Das ist der Idealfall, der aber in den meisten Fällenaufgrund der Komplexität solcher Projekte nur schwer erreichbar ist . Dabei gibt es nicht nur technische Probleme beim Zurückschreiben in operative Systeme mit einem entsprechend hohen Aufwand, sondern vor allem auch politische Probleme im Unternehmen. Dazu zählen zum Beispiel verschiedene Interessenlagen von Fachabteilungen, die insbesondere die Frage der Verantwortlichkeit für Daten betreffen. Solche Diskussionen verhindern vielfach agile Vorgehensweisen und schnelle Entscheidungen wie sie in einem digitalen Unternehmen notwendig sind.
Aufbau eines Golden Customer Profiles (s. Abb.). Es baut auf dem Golden Customer Record auf und enthält zusätzlich Transformationsregeln. Dadurch können beispielsweise neue analytische oder Marketing-Anwendungen mit Hilfe dieses Golden Customer Profiles sowohl die 360°-Sicht auf den Kunden bekommen als auch koordiniert auf Interaktions- und Transaktionsdaten in den verschiedenen Datensilos zugreifen. Wenn man die Transformationsregeln auch noch mit Datenqualitäts-Services anreichert, entstehen so auch qualitätsgesicherte Daten. Auf ein Zurückschreiben der Stammdaten in die Datensilos kann verzichtet werden.
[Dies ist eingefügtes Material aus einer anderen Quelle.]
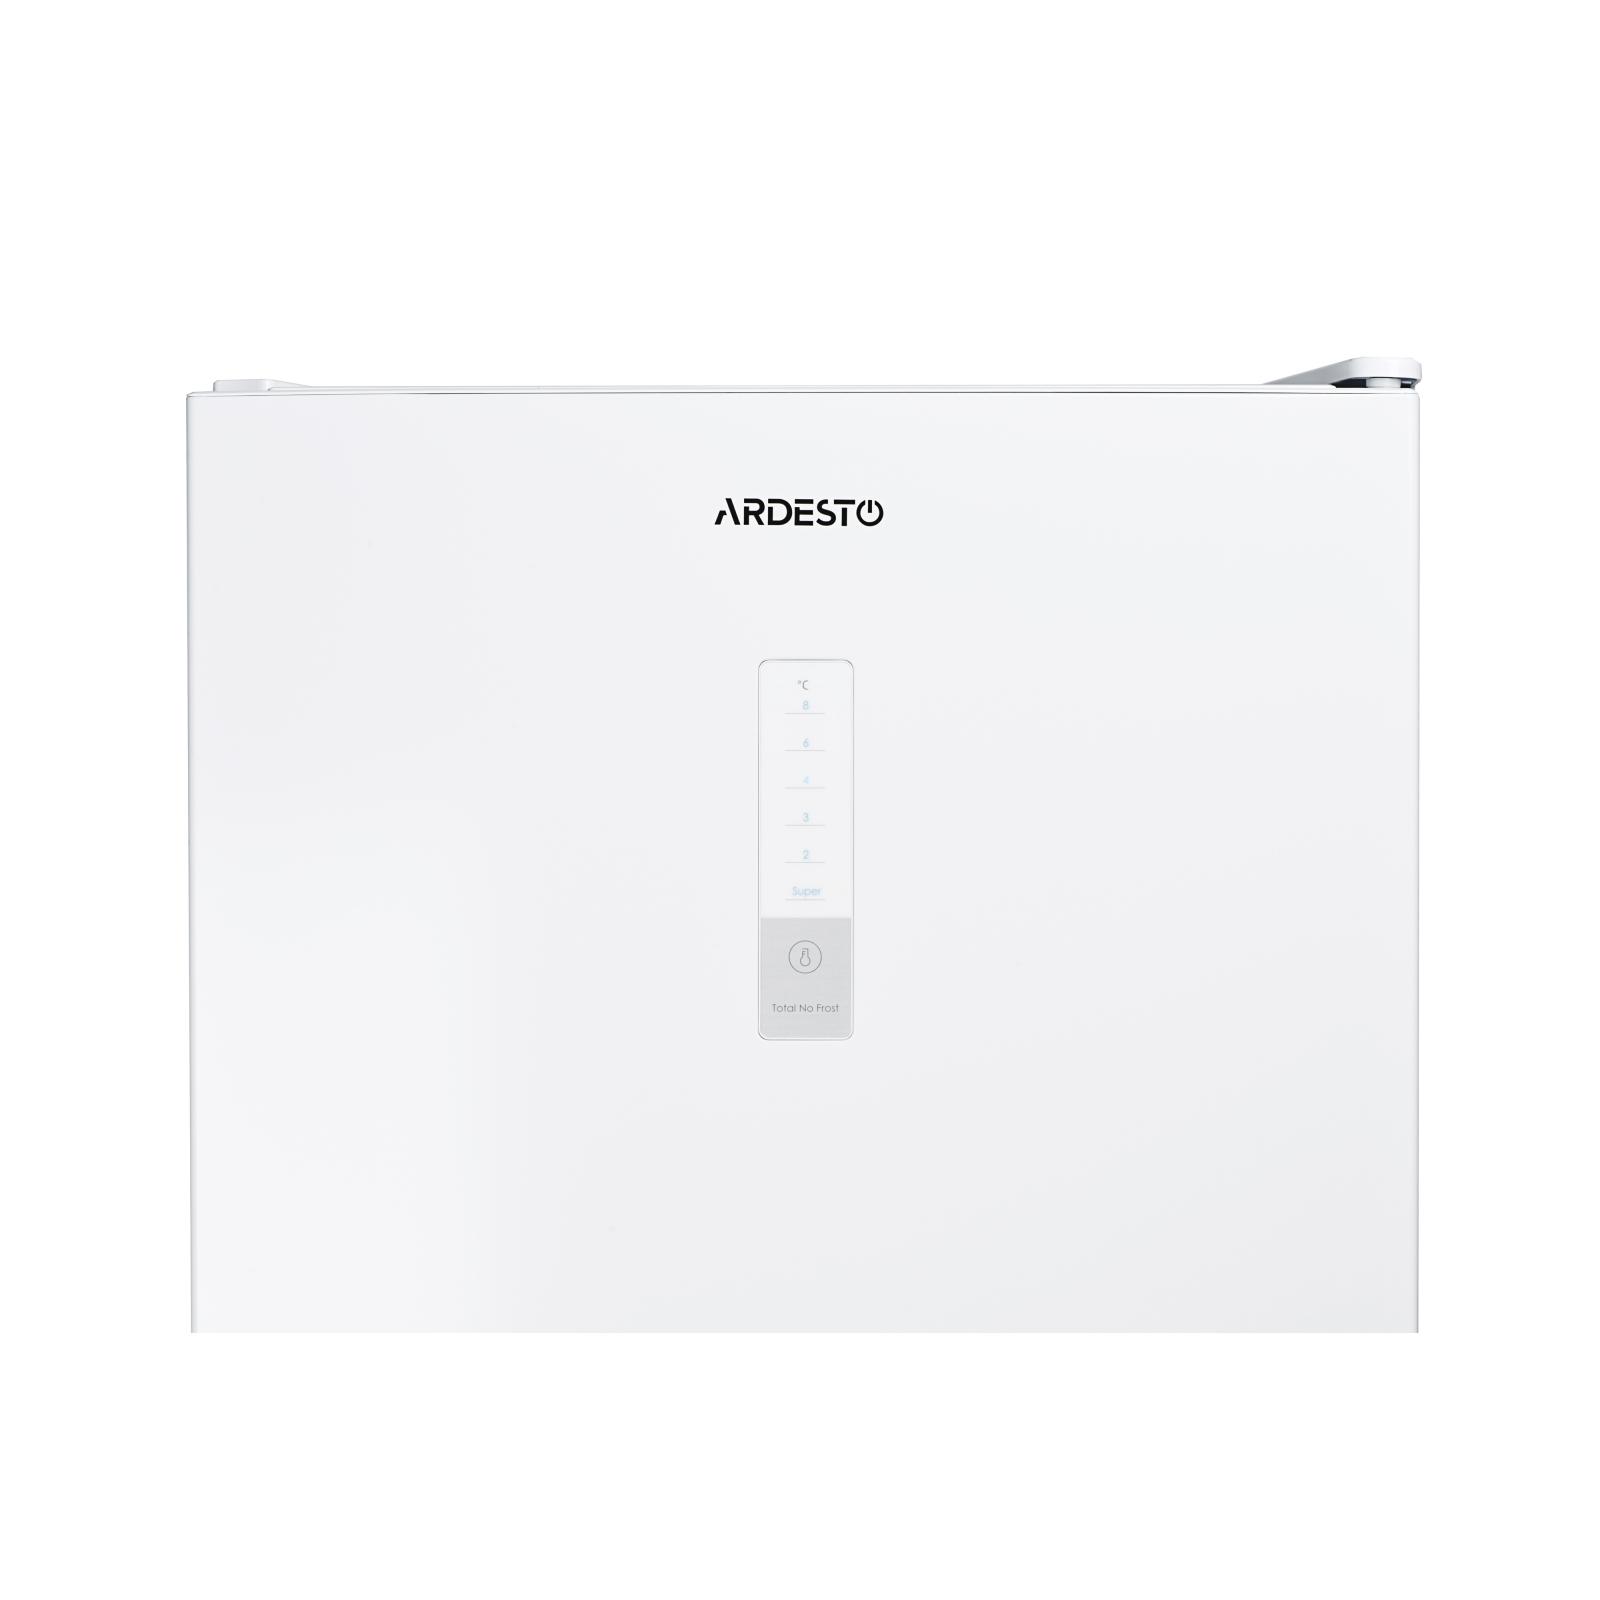 Холодильник Ardesto DNF-M326W200 зображення 3

Dieses Verfahren erlaubt ein agiles und schnelles Vorgehen und Implementieren, wie im digitalen Unternehmen gefordert. Dieser Ansatz kann als hybrid bezeichnet werden: Er kombiniert die Vorteile von Agilität und Geschwindigkeit durch Datenvirtualisierung mit den Vorteilen des Golden Customer Records als einheitlichem, vollständigem und aktuellem Referenzpunkt an zentraler Stelle („single point of truth“): Qualitätsgesicherte Stammdaten werden zentral angeboten und können bei Bedarf auch in die Quellsysteme zurückgeschrieben werden.
Die Fachabteilungen, die die Datensilos weiterbetreiben, haben jetzt die Wahl, ob sie die qualitätsgesicherten Daten in ihren Altanwendungen einsetzen wollen oder nicht. Dementsprechend sind die Erfolgsaussichten von solchen Stammdatenmanagement-Projekten deutlich höher. Zusätzlich bietet das Golden Customer Profile eine transaktionale Komponente, die neuen Anwendungen über die Transformationsregeln erlaubt, direkt und optional sogar mit Qualitätssicherung auf die Interaktions- und Transaktionsdaten in den Quellsystemen zuzugreifen. Eine solche Datenvirtualisierung bietet eine Reihe weiterer Vorteile, wie wir gleich sehen werden.
Technologien zum Aufbau eines Golden Customer Profiles kommen aus dem Umfeld von Stammdatenmanagement und Datenvirtualisierung. Man findet solche Technologien bei den Marktführern wie Informatica, als OpenSource bei Talend, bei Unternehmen, die neu in den DACH-Markt wollen wie Denodo, und es gibt auch schon fertige Lösungen wie bei Uniserv.